== Supplied data ==

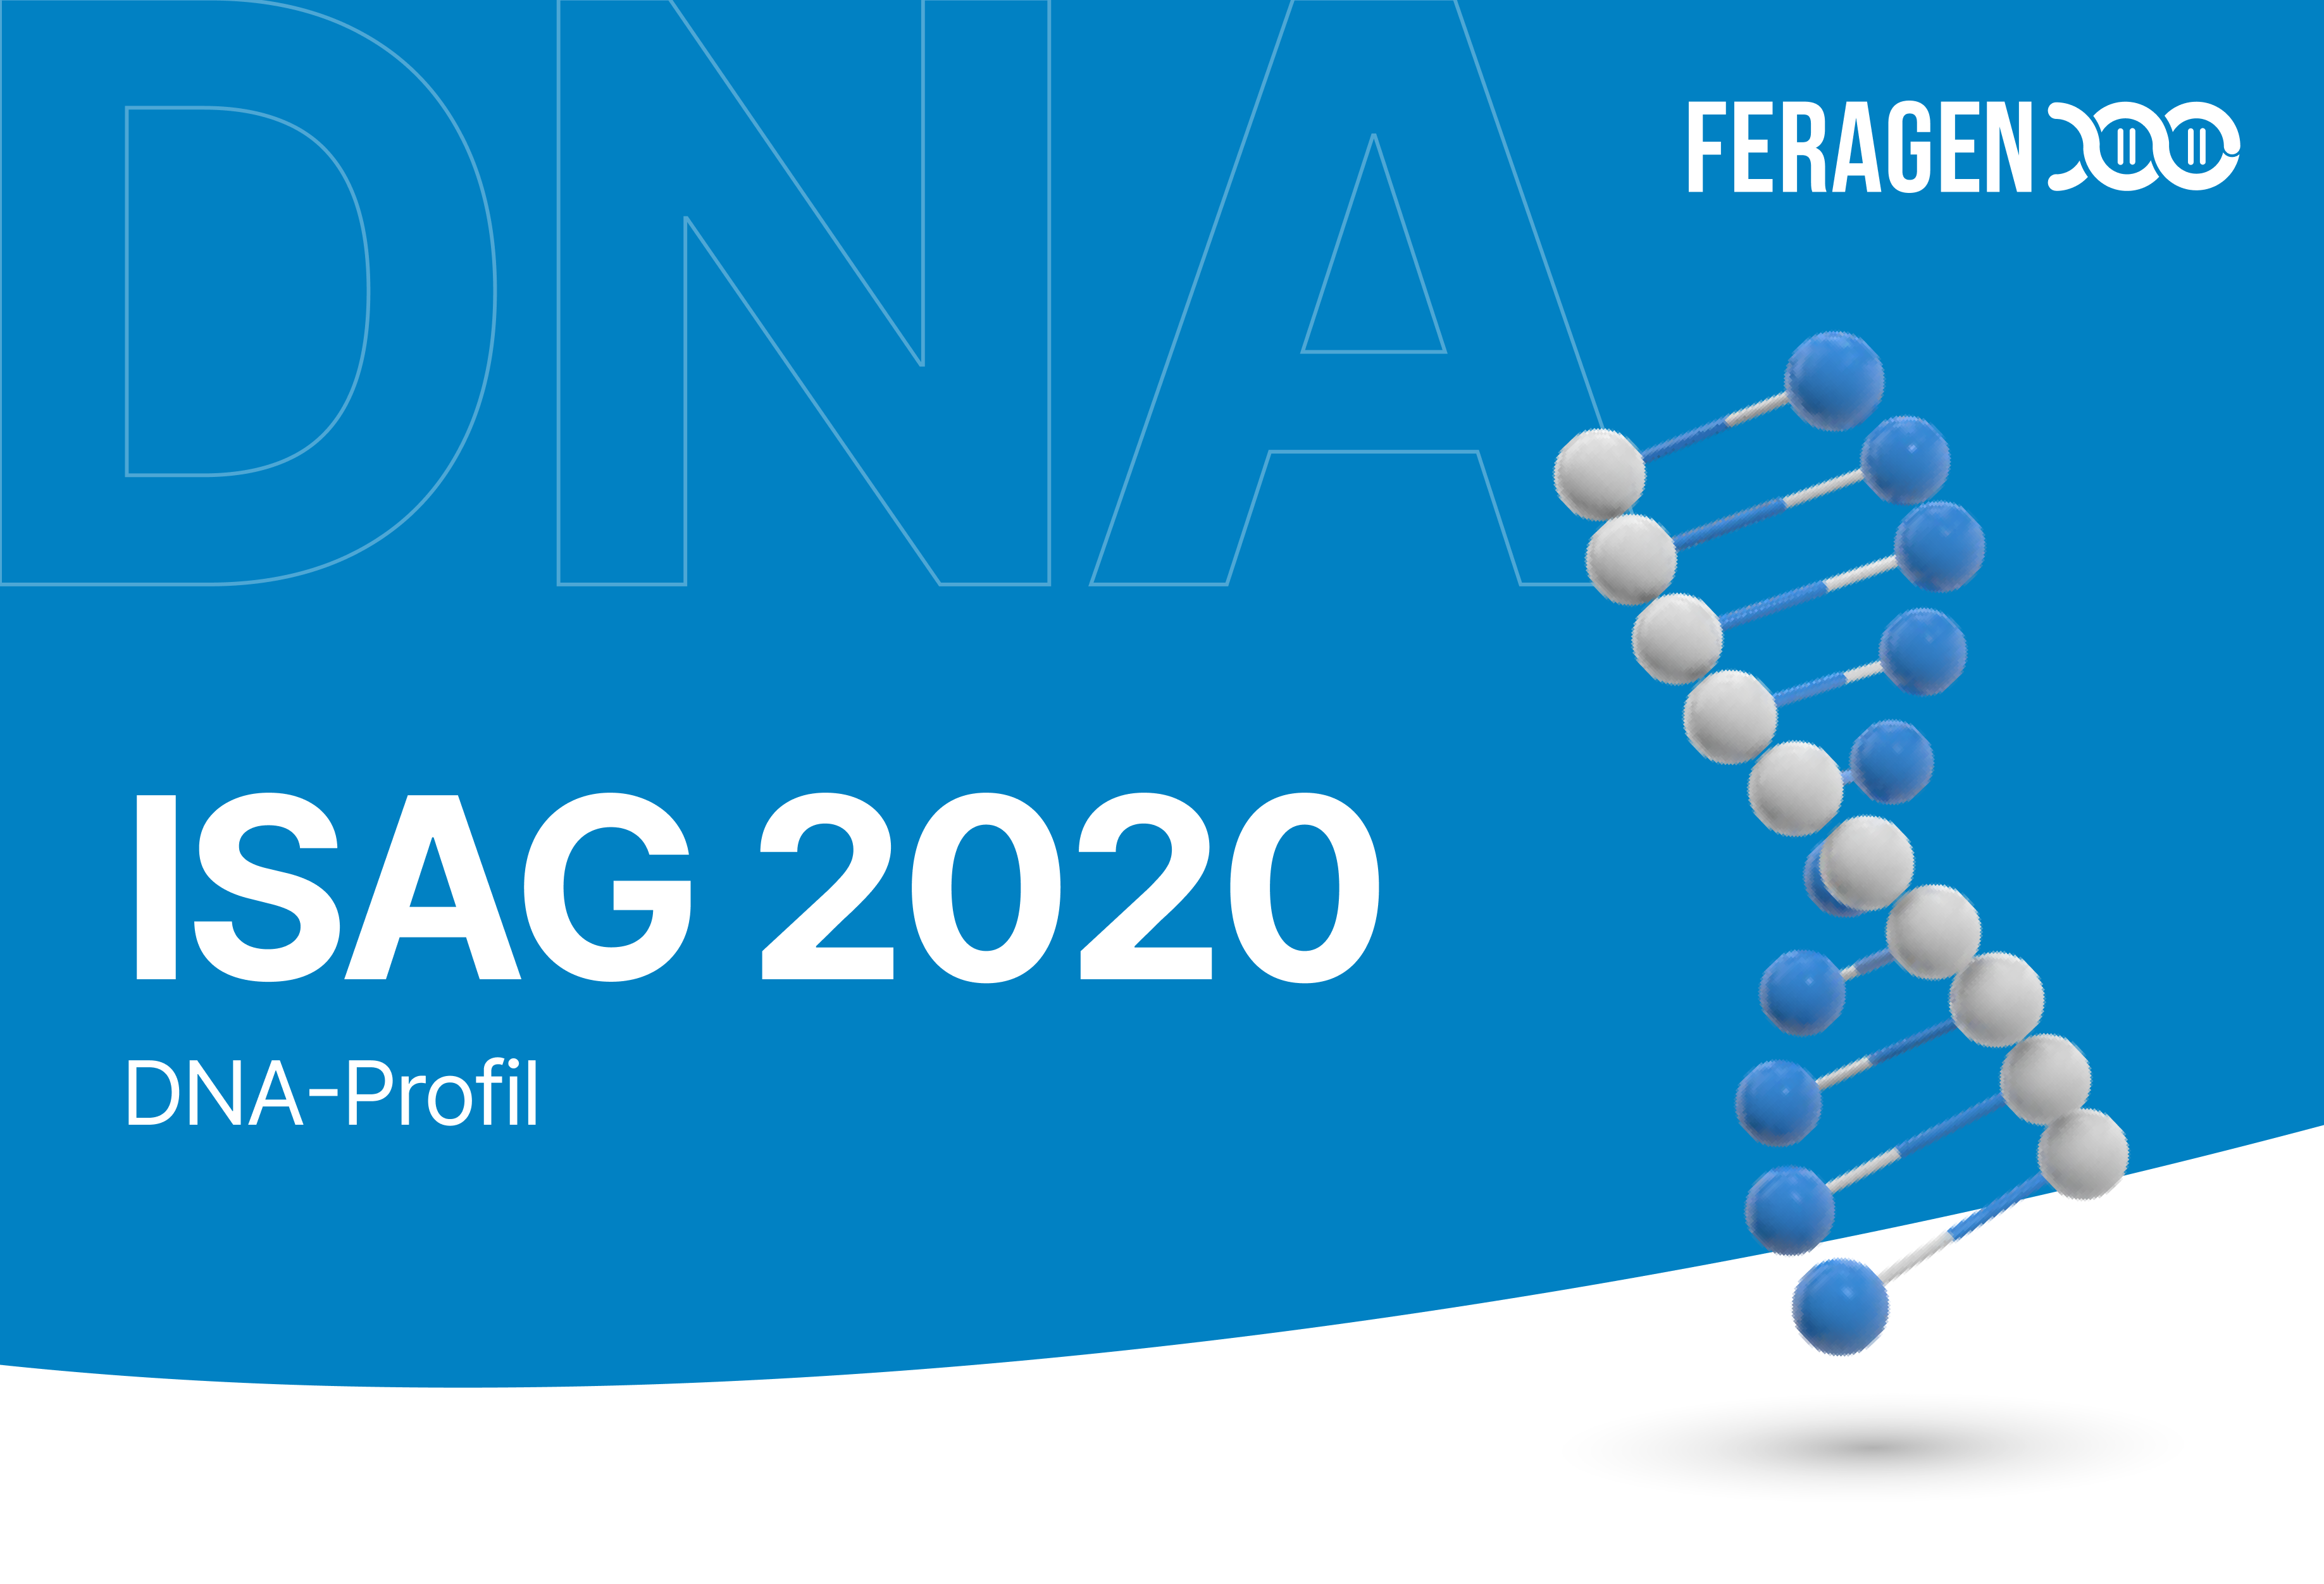 DNA profile (ISAG 2020)
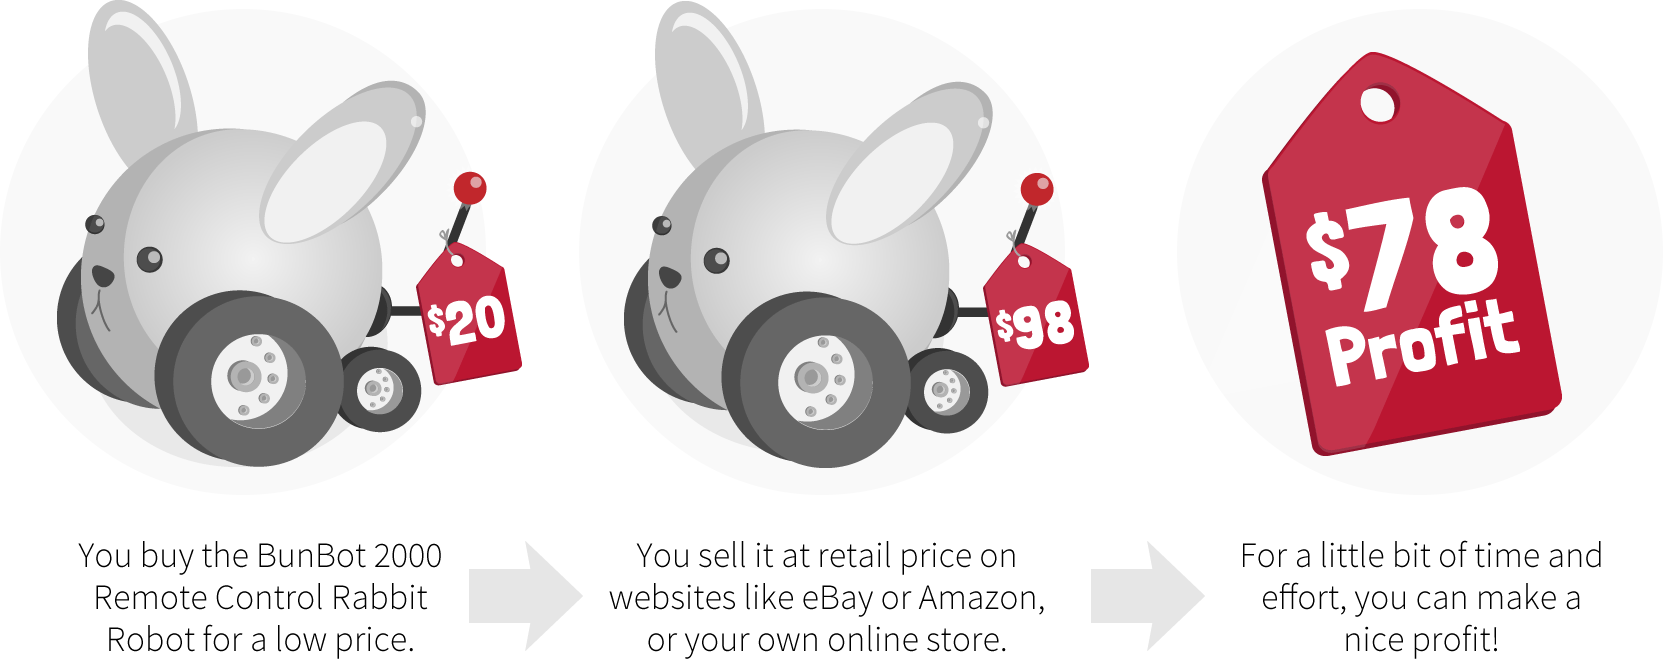 Cheap websites like ebay
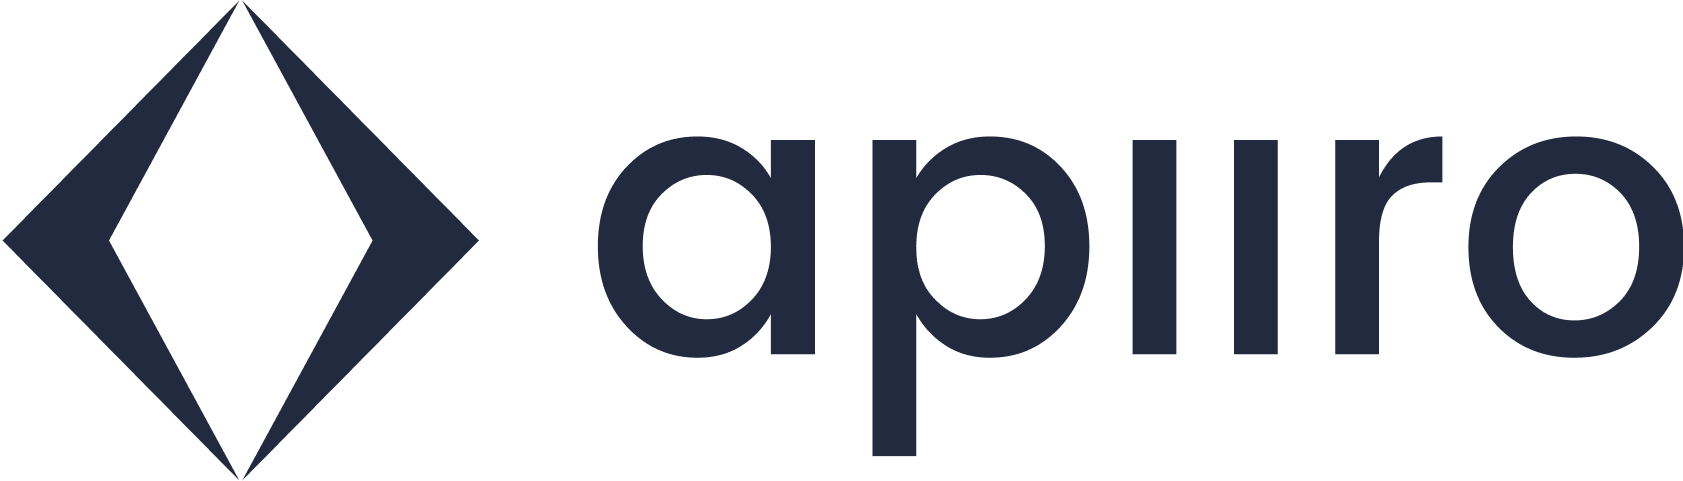 Apiiro logo black large
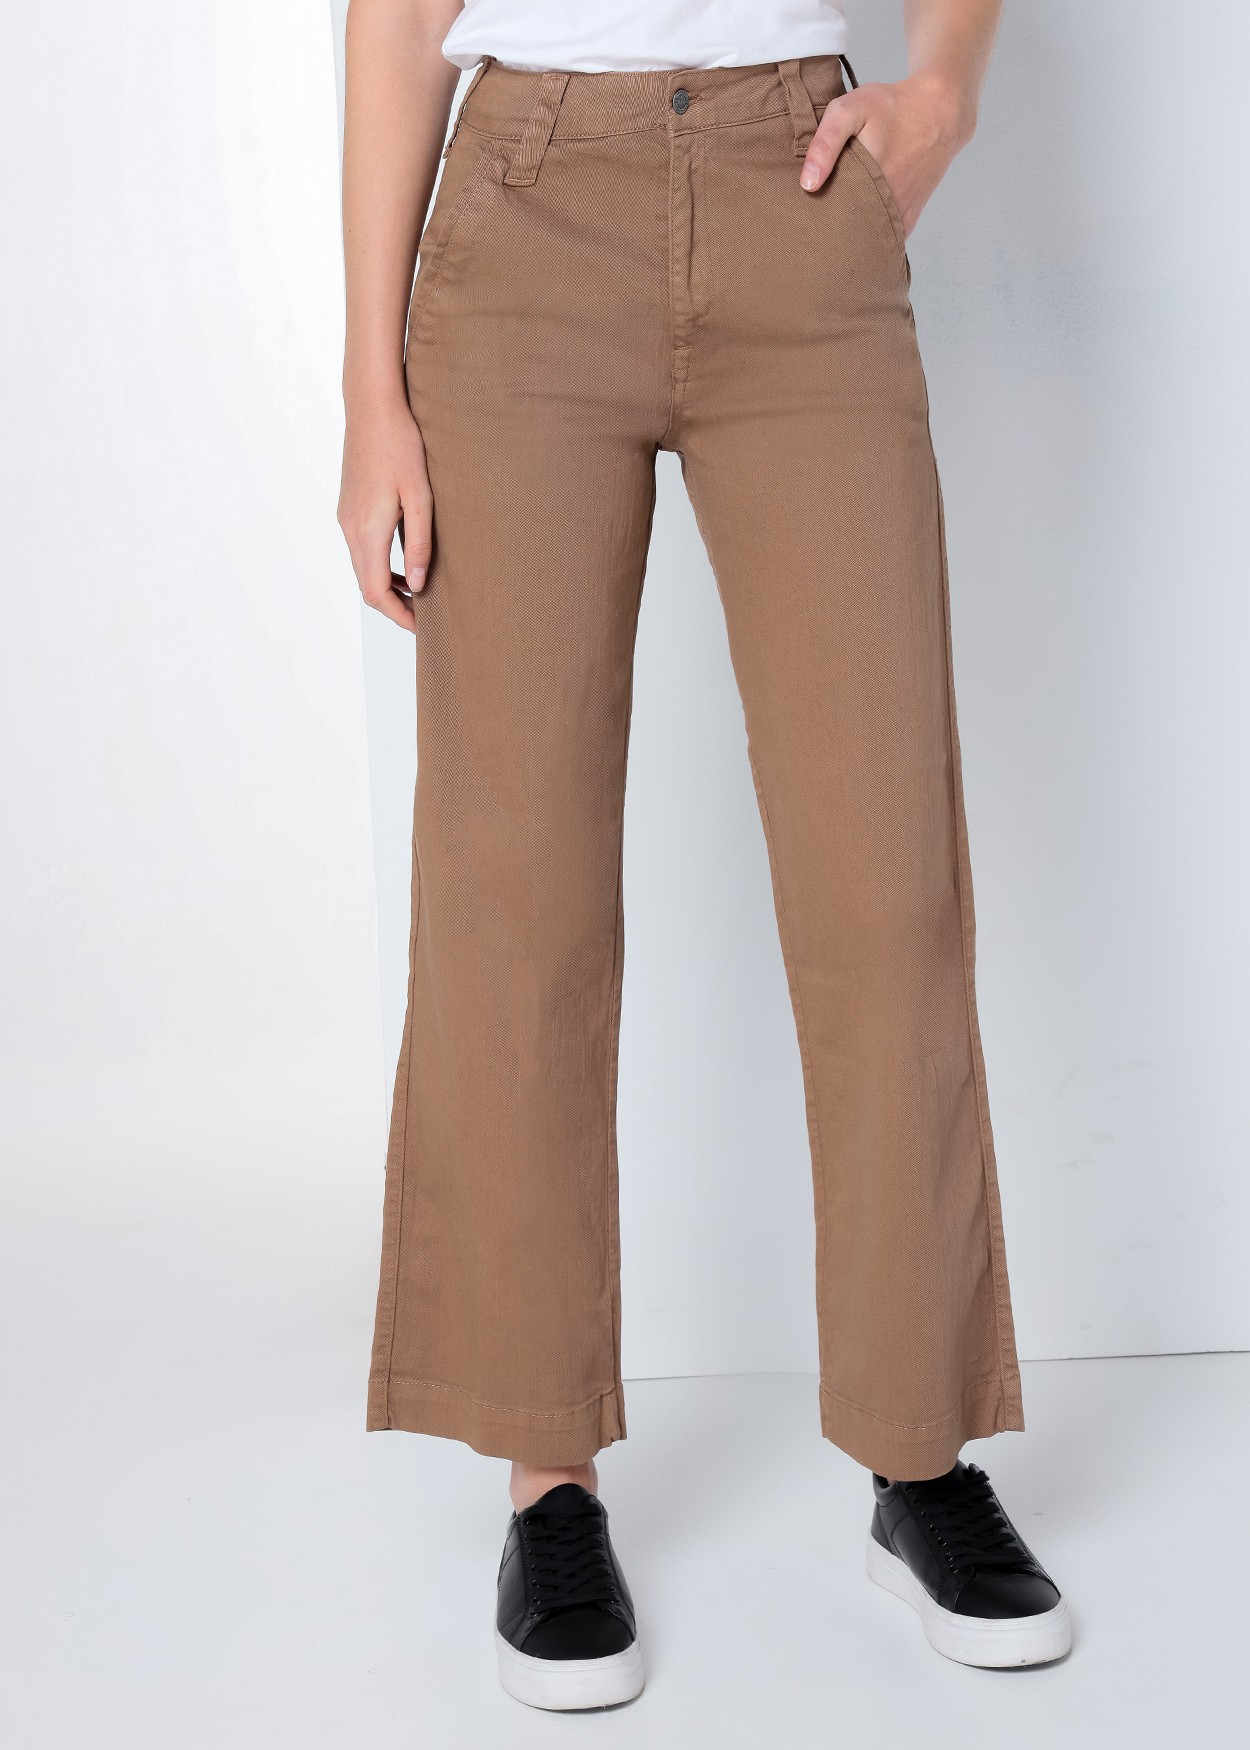 OLIVIA LILOU -Pantalon Chino |Taille Moyenne- Jambe Ample Droite | Taille en pouces
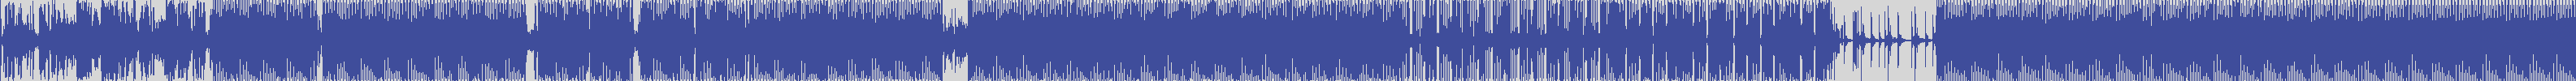 vitti_records [VIT010] Ticom - Loona [Original Mix] audio wave form

===

> What you will do: Write out exactly the lines beginning with the line that holds "Apiiro logo black large" and ending with the final line of the data, both ends included, without the pictures.

> Your solution:
 Apiiro logo black large
 OLIVIA LILOU -Pantalon Chino |Taille Moyenne- Jambe Ample Droite | Taille en pouces
 vitti_records [VIT010] Ticom - Loona [Original Mix] audio wave form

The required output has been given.